Antinutrients May Inhibit Nutrient Absorption
Potatoes are a source of antinutrients, such as trypsin inhibitor protein and lectins that can hinder the body’s digestion and nutrition absorption ( 13Trusted Source, 14Trusted Source).
The cooking of potatoes has been proven to reduce the content of antinutrients to optimize the absorption of nutrients and avoid deficiency.
For example, a test-tube study found that cooking potatoes could inactivate one kind of trypsin inhibitor completely and partially deactivate an additional ( 15Trusted Source).
A second study on test tubes found that cooking potatoes remove 50 to 60 percent of the amount of lectin ( 14Trusted Source).
If you eat a balanced and diverse diet, antinutrients are unlikely to cause problems.
If you’re on an incredibly restrictive diet and have your diet on cereals, legumes, or tubers, cooking potatoes could be a solution to increase nutrient absorption.
May Contain Toxic Compounds
They contain glycoalkaloids. This is an organic compound found in nightshade members that are toxic when consumed in large quantities.
Potatoes, especially those green, are made up of two kinds of glycoalkaloids: solanine and Chaconine.
If potatoes are exposed to sunlight, they create chlorophyll. It is a phytochemical that makes potatoes change color to green.
In addition, sun exposure can also trigger levels of glycoalkaloids, which is why it’s advised to avoid eating green potatoes to reduce the intake of these toxic chemical compounds ( 16Trusted Source).
If taken in large doses, signs of glycoalkaloid-related toxicity could include drowsiness, itching, increased sensitivity, and digestive issues (17 Trusted Source).
According to a study in a test tube, boiling, baking, and microwaving potatoes may significantly reduce the concentration of glycoalkaloids ( 18Trusted Source).
Avoid peeling your potatoes that have become green, and ensuring you have the proper storage to prevent exposure to sunlight will also lower the chances of developing adverse consequences ( 19Trusted Source).
The Bottom Line
Raw potatoes tend to trigger digestive issues.
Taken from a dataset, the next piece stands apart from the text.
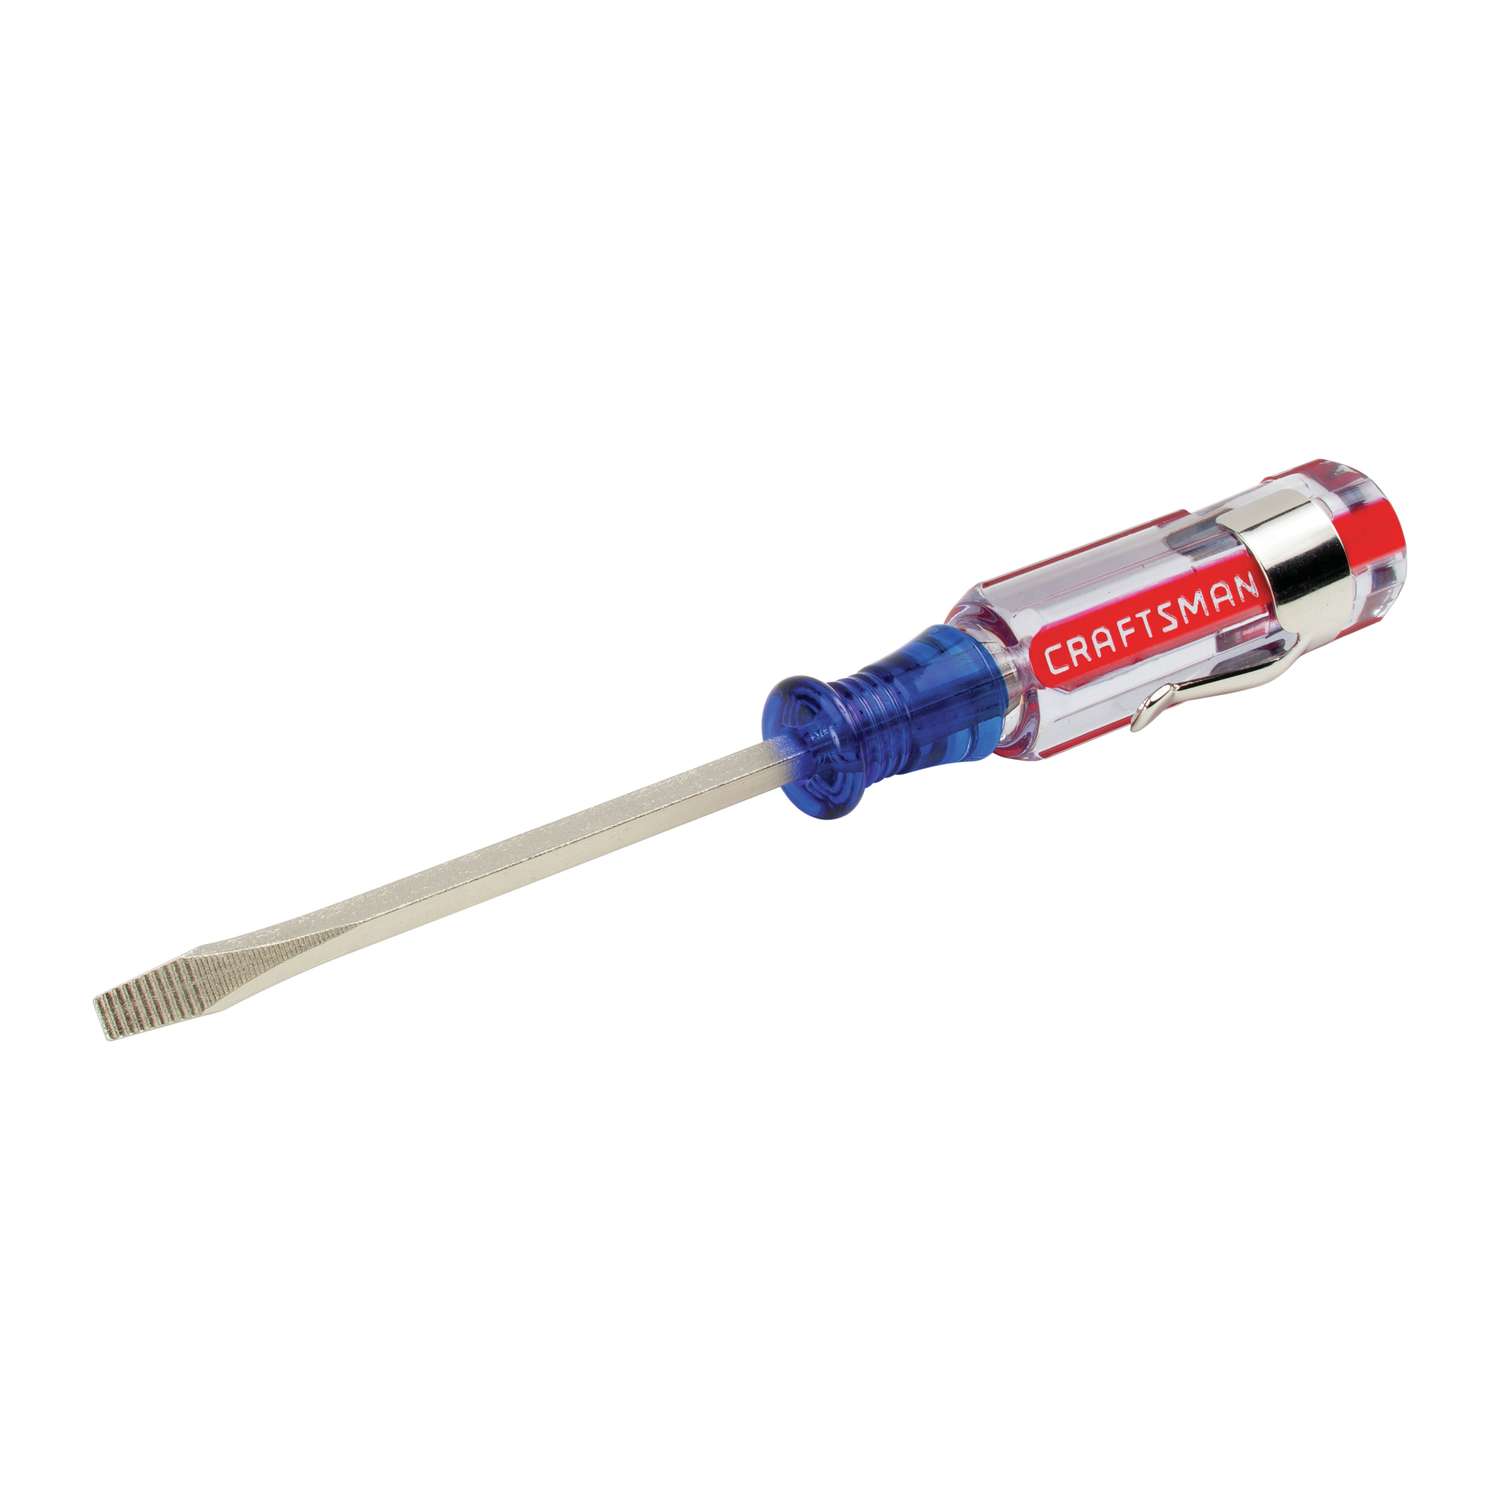 Made in USA for sale online Craftsman 41583 Slotted 1/4” X 4” Screwdriver

They also may contain more harmful and antinutrient substances.
They’re also rich in vitamin C and resistant starch, which can provide significant health benefits.
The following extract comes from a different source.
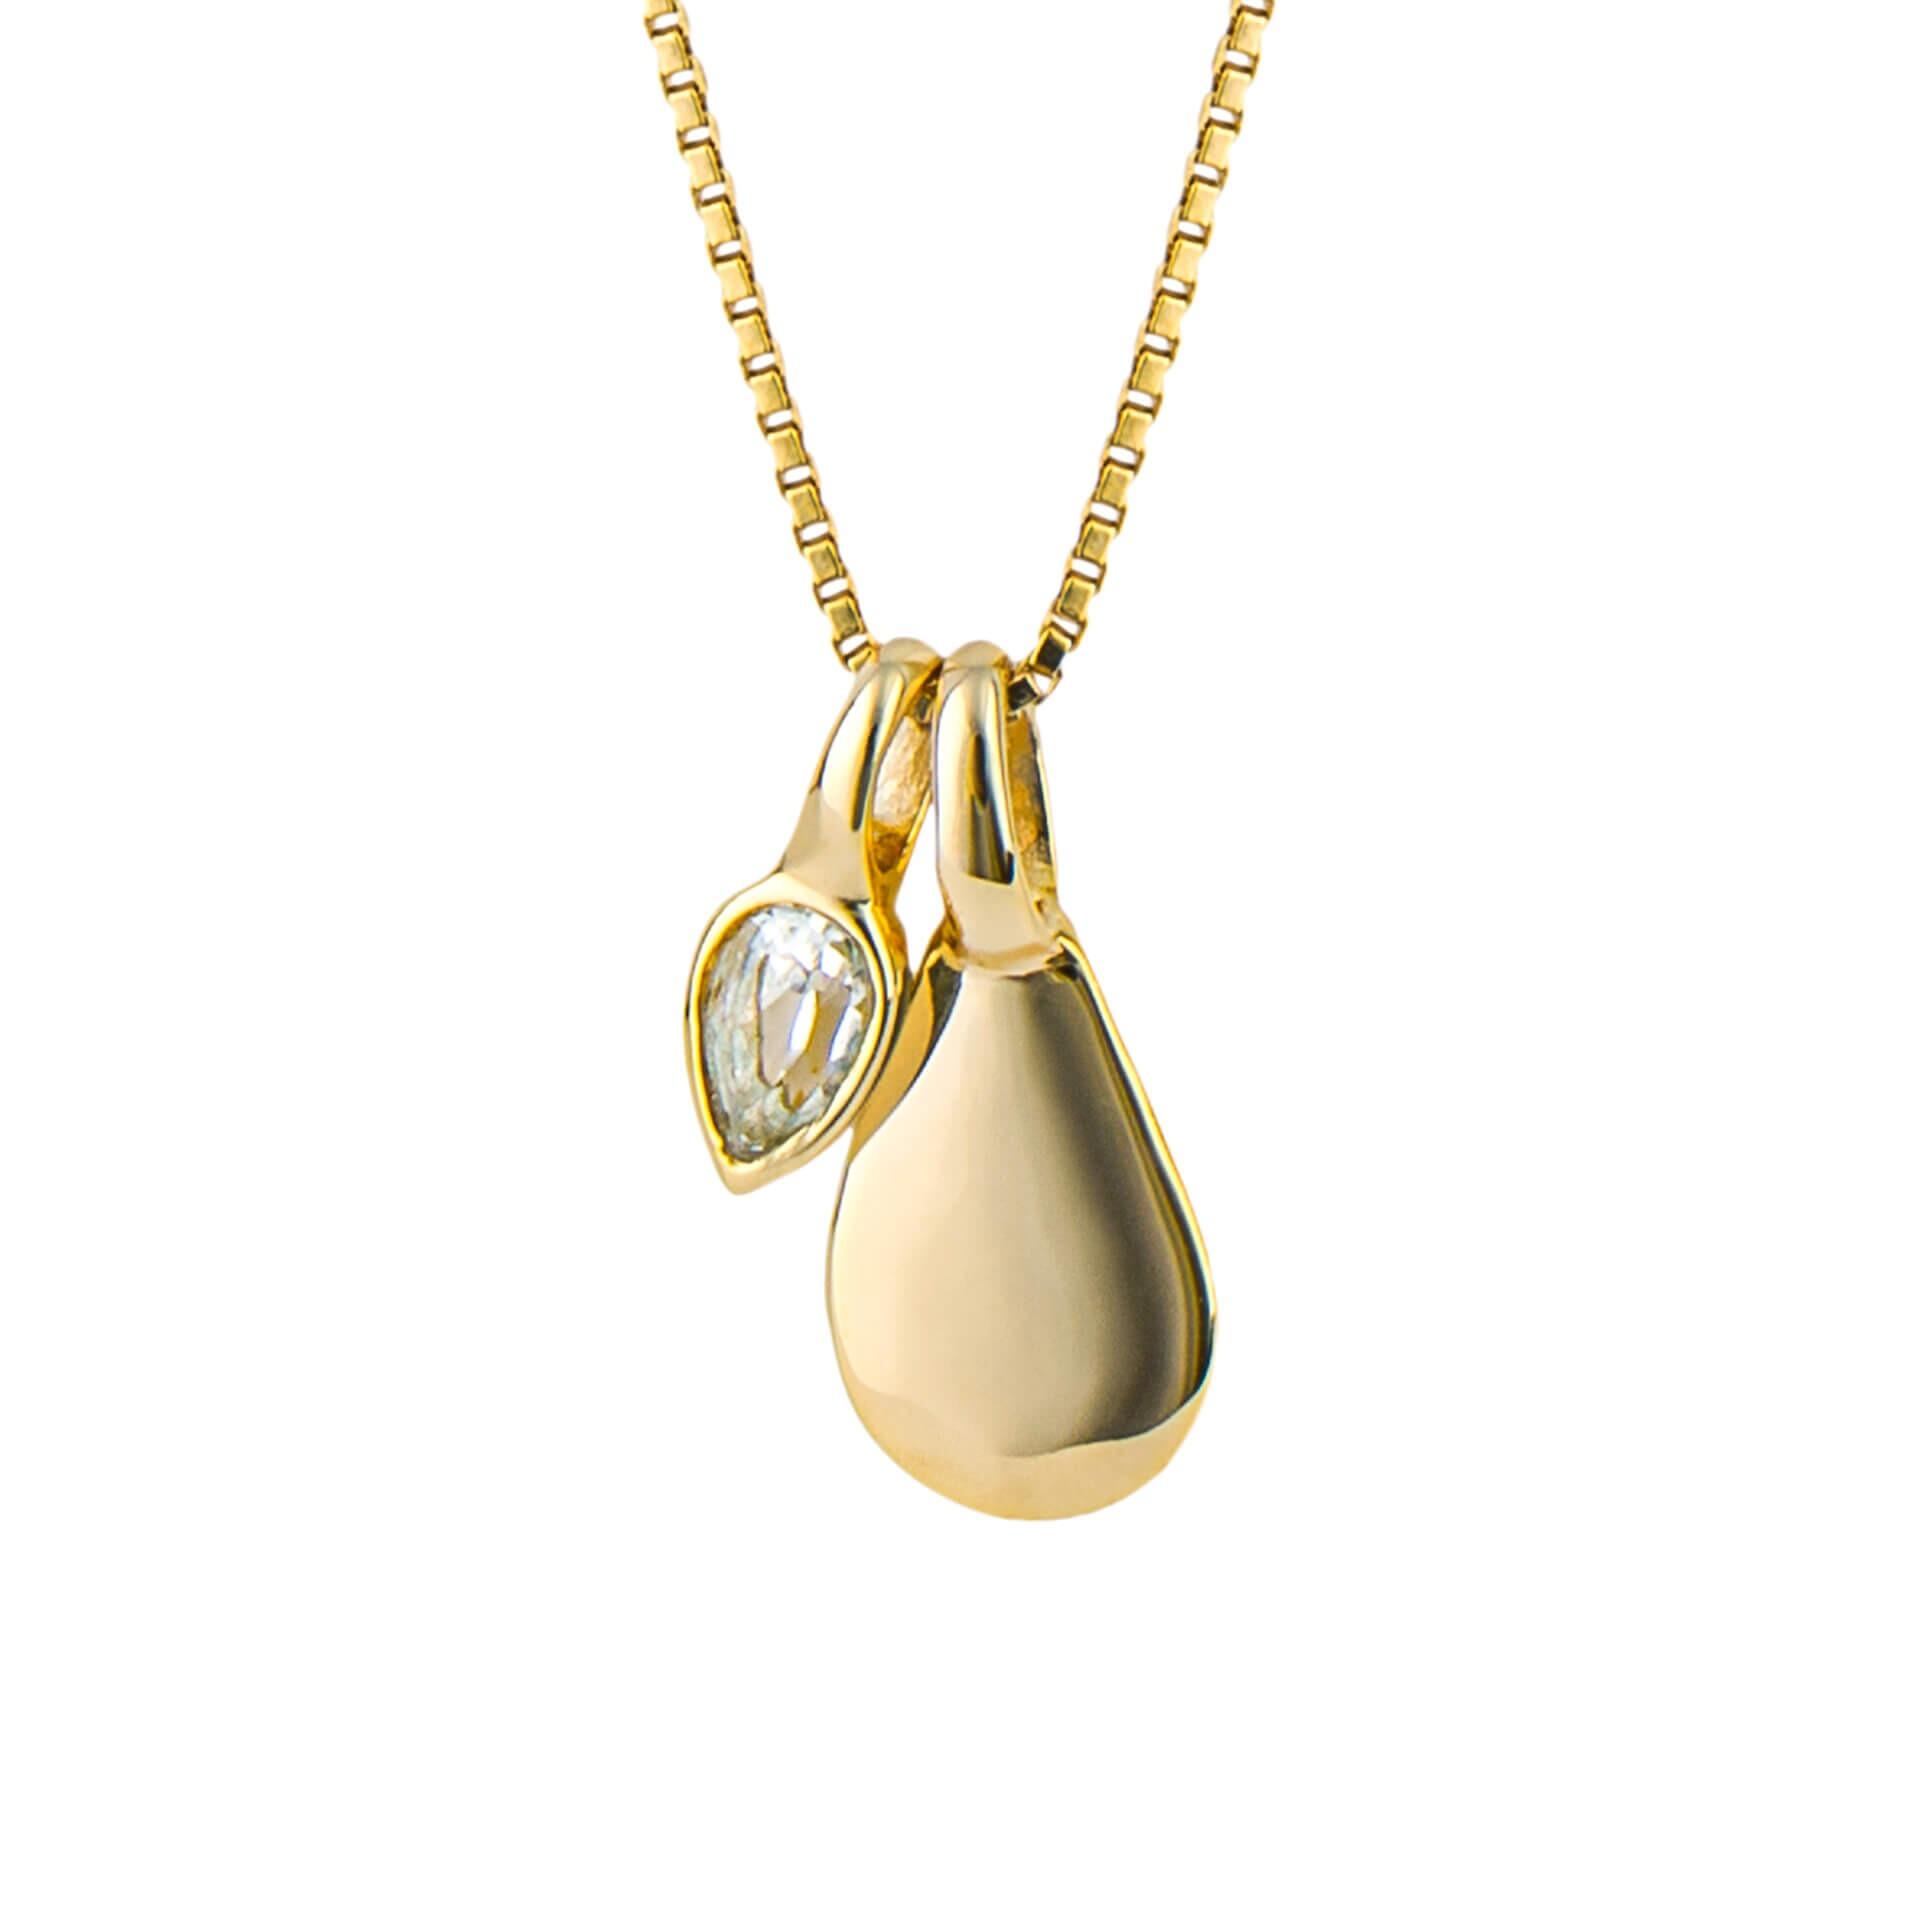 L'appel du vide Chain Necklace in 14ct Gold Vermeil with White Topaz –  SelfPublished

In reality, both cooked and cooked potatoes are delicious in moderation as a part of a balanced diet. Make sure you practice food safety practices and follow the correct cooking techniques.
No matter how you decide to cook your potatoes, make sure that you wash them well and store them properly. Take advantage of various other fruits and veggies to complement your diet.